During the 1930s Tennant Creek was in the midst of a gold mining boom. In 1934, to cater to the growing non-Aboriginal population, approval was granted for the establishment of a Catholic Mission Station in the Tennant Creek area.

The church building was originally constructed in 1904 in Pine Creek, (Note: There are discrepancies between sources about the initial construction date of the church in Pine Creek. Secondary sources outlined in the Background Historical Information document listed as part of the church's heritage application suggest alternative construction dates of 1906 and 1911.) which is 760 km north of Tennant Creek, but by the mid-1930s the church had fallen into disrepair. In 1935 Reverend Father W.J. Dew, M.S.C. of the Darwin Parish, was asked by Bishop Francis Xavier Gsell to assess the needs of the Tennant Creek parishioners, who numbered approximately 300. Dew later wrote:

I was appointed to Tennant Creek in 1935. I went to Darwin in 1936 and discussed the whole situation with Monsignor Gsell. He suggested me taking the P.C. (Pine Creek) church to T.C. (Tennant Creek). So there and then I arranged for Brother Andrew Smith M.S.C. (skipper of our Mission Boat serving Bathurst Island and Port Keats) to come with me to Pine Creek for a fortnight and managed in that time to dismantle the Church that was there.
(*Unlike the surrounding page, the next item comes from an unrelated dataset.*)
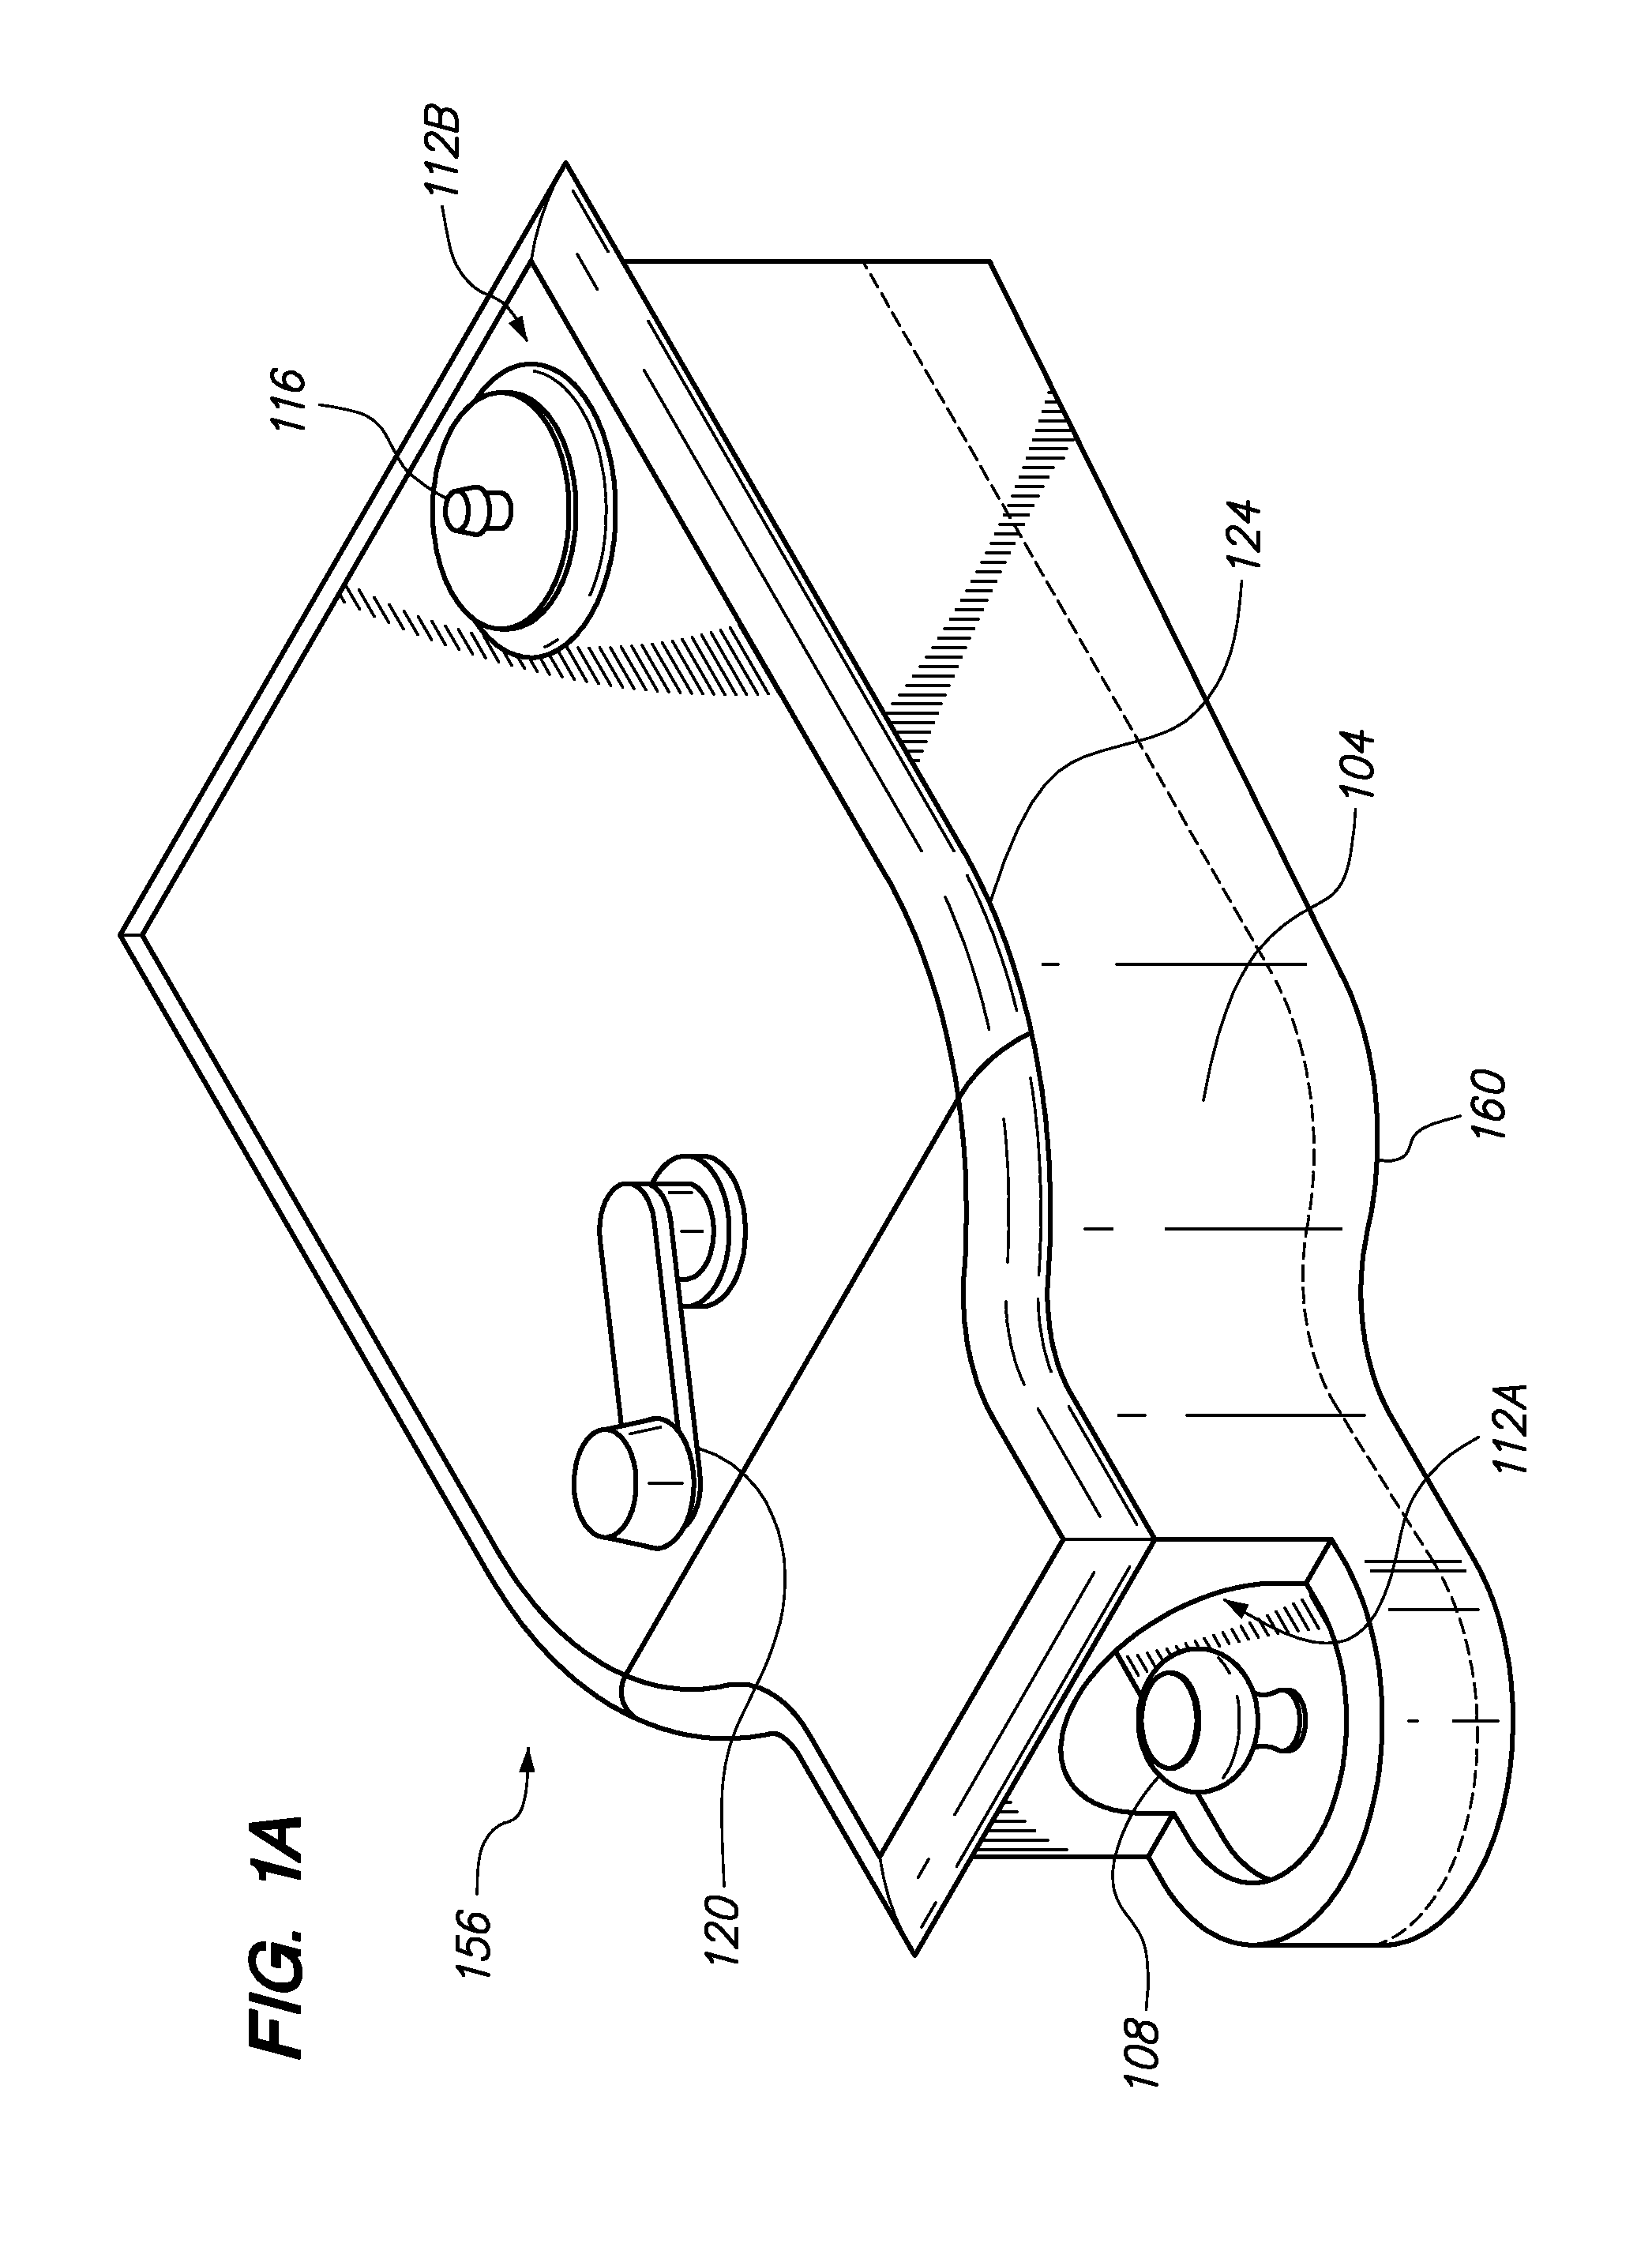 Billiard ball mixing device and wagering game

Father Dew undertook fundraising for the project in Adelaide and was reportedly frustrated by the lack of generosity he encountered there, particularly on one occasion when a wealthy woman replied to his request for a donation by simply saying, "Give my love to the miners".

The dismantled church was railed to Birdum and then trucked the remaining distance. The trucks carrying the dismantled church were caught in floods at Daly Waters and parts of the loads were left on the roadside. Spread out along the route for some time, it became known as the "longest church in Australia". While the church was reconstructed, mass was held "in the residence of some local Catholic". The relocation was expensive, and by the time it was opened on 21 November 1937 by Bishop Raible (Note: Many sources claim the church opened in October 1936. This is incorrect. The Background Historical Information listed as part of the church's heritage application indicates that diaries kept by men of the AIM Club for the period in question confirm that the opening occurred in 1937. Furthermore Father Dew only left Darwin at the end of September 1937.) had cost "many hundreds of pounds". The church was reconstructed in a different layout that in its original location. An office and verandahs were later built "on two sides to serve as accommodation for the priest".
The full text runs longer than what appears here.